You forgot to mention how the Bigfoot owns the Mod V in the open bay.


----------



## Dukdogtx (Jul 30, 2009)

Im Headed South said:


> Some you guys crack me up. How many Haynie's have y'all heard of with rotten wood in them? I've seen quite a few composite boats cracked all to hell, I remember seeing pics of a SS on here not long ago that was 5 or 6 years old and that bullet proof composite was falling apart. Yea its a no brainer to go with a boat that's almost 3' shorter and is 3 years older for about the same money lmao.


X2!!!

But, then again, I fish with Quantum & Penn reels and own a NauticStar. All 3 by choice!!! LOL


----------



## [email protected] (Jun 25, 2005)

Even if you tried you couldn't get the wood in Haynies to rot. Companies that say their boats have no wood to rot are using that as a gimmick to sell more boats. This new wood they put in boats will not rot so you shouldn't let wood in a boat scare you away from it. Like HeadedSouth said composite boats can have hull problems as well so don't think your boat is bulletproof without wood in it. Also I can promise you that Mercury Optimax is not less reliable than an Etec. Also that optimax will run more fuel efficient. That Etec infomercial is intriguing but don't believe everything you see on TV. Shallowsport makes a fantastic boat, in no way am I trying to say they don't. The OP should ride in both to see which one fits him better. Like I said, personally I'd just go with the bigger boat in this case. Good luck on your search.


----------



## TKash (May 24, 2004)

Both are choice boats, both built like tanks. I think the the Bigfoot will perform better all around, than Shallowsports V, also agree with the "No Wood to Rot" sales thing, I know there are plenty of 10+ year old Haynies, Majeks, and SS around here still kickin. Buddy had a BF years before the Haynie craze took off and most had never heard of Haynie, and it was an awesome boat then. Chris has done an awesome job, bringing them to market BTW. (Shameless Plug) and I run an Majek.

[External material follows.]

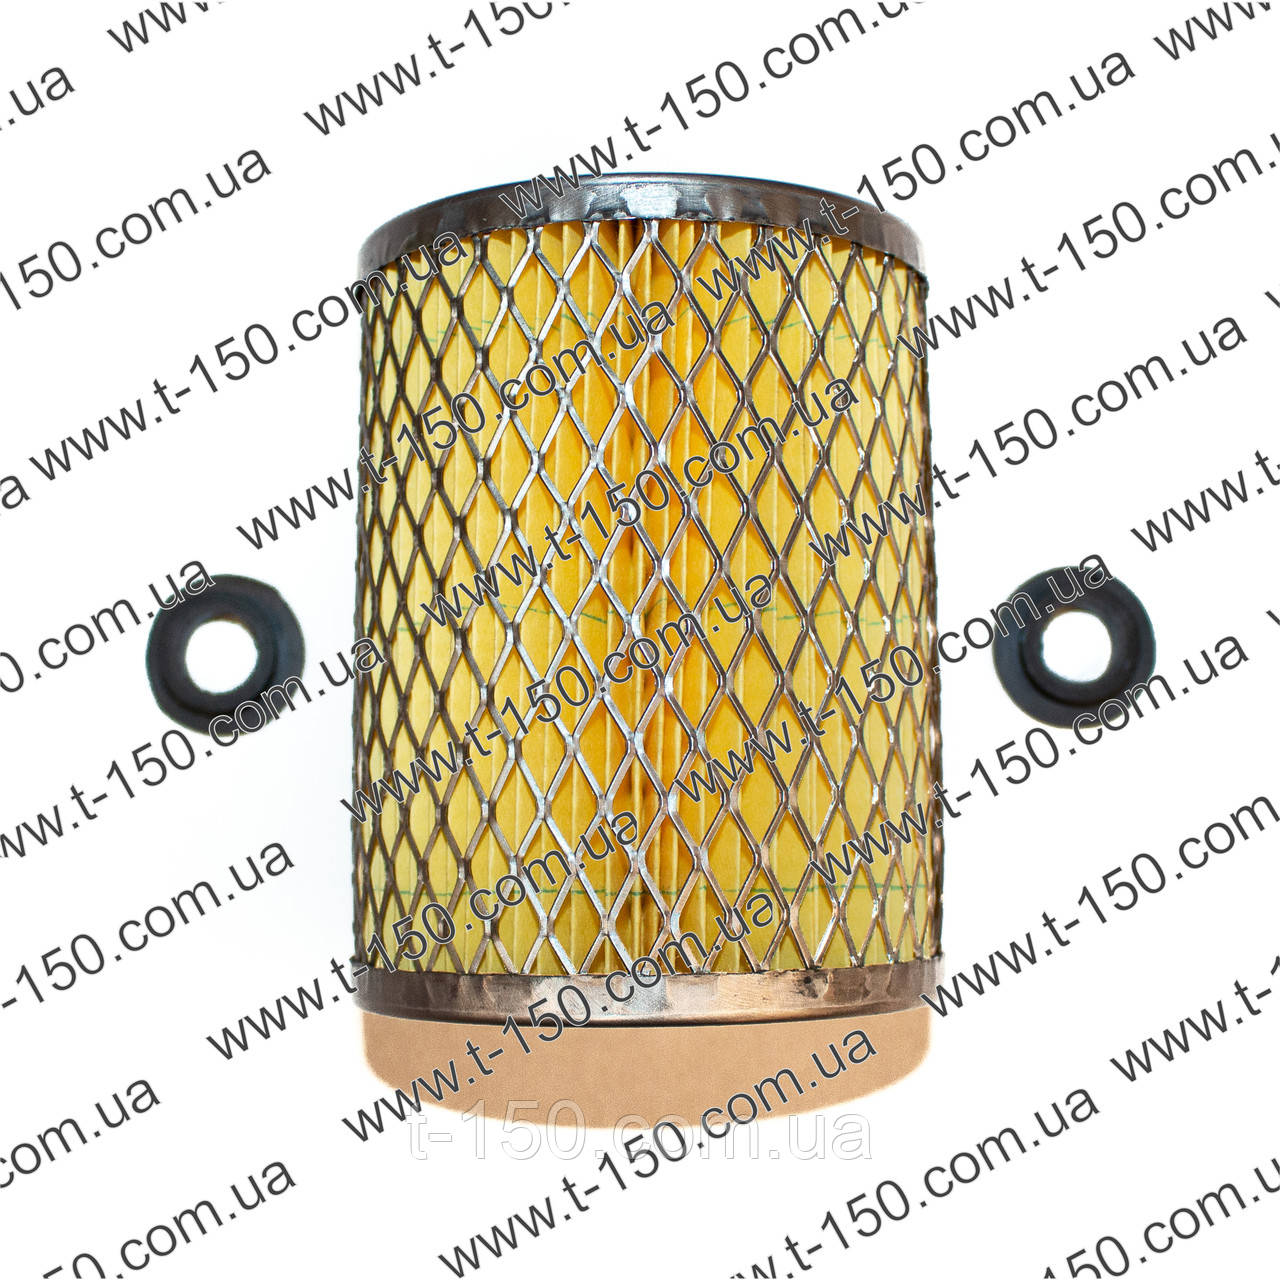 Элемент фильтра топлива Т-150, ДТ-75, ДОН, НИВА РД-001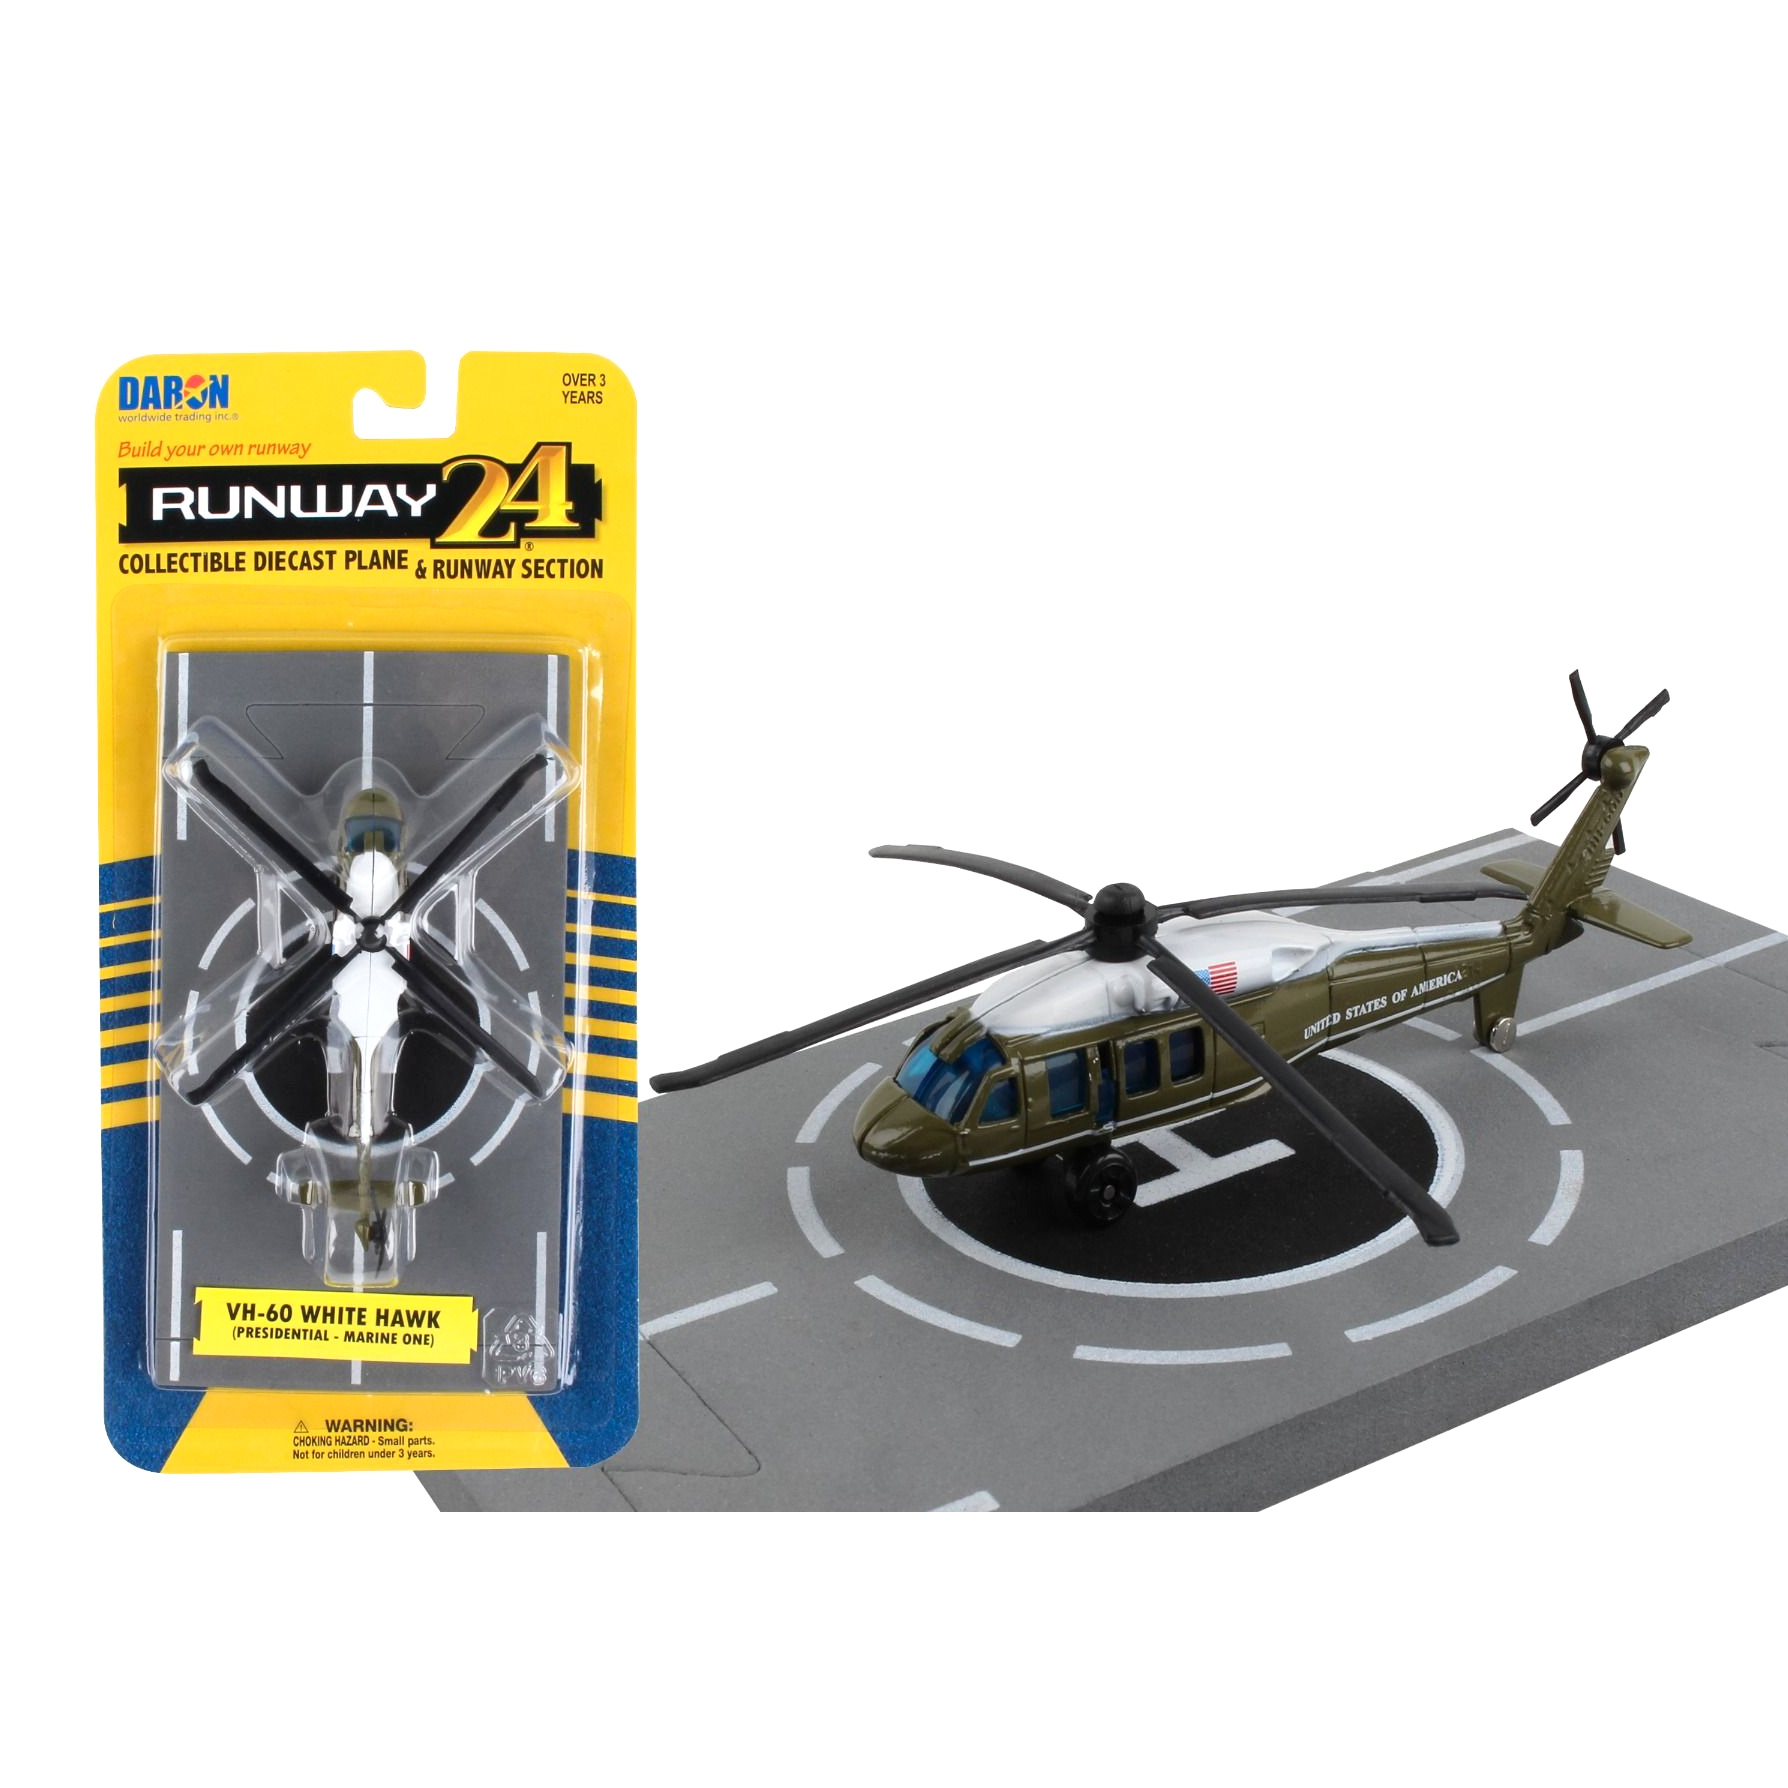 DARON/ダロン UH-60 大統領専用ヘリ

Spend several test rides in both, under all conditions, and you will figure it out. 

Love the old Shallowsports too.


----------



## artofficial (Oct 3, 2005)

I love my BigFoot more everytime I take it out.

The quality of the haynies mixed with the customer service you get is unbeatable.


----------



## chris coulter (Aug 3, 2006)

*SOLD*

SOLD


porkchoplc said:


> Here's a nice one in the classifieds.
> 
> http://2coolfishing.com/ttmbforum/showthread.php?t=426684


----------



## Bottom Finder (Dec 4, 2006)

What Do - Mercury Optimax, 2' Larger, Better Ride, Better Speed, Comparable Shallow Water Capabilities, and Chris's Marine Service = Haynie Bigfoot, just that easy.


----------



## shallowrider (Jul 16, 2012)

Ss has some of the best customer service also and there boats do hold a higher resale value. Haynie is a great boat. Truth be told you need to take a demo ride in both. Make the call for yourself.


----------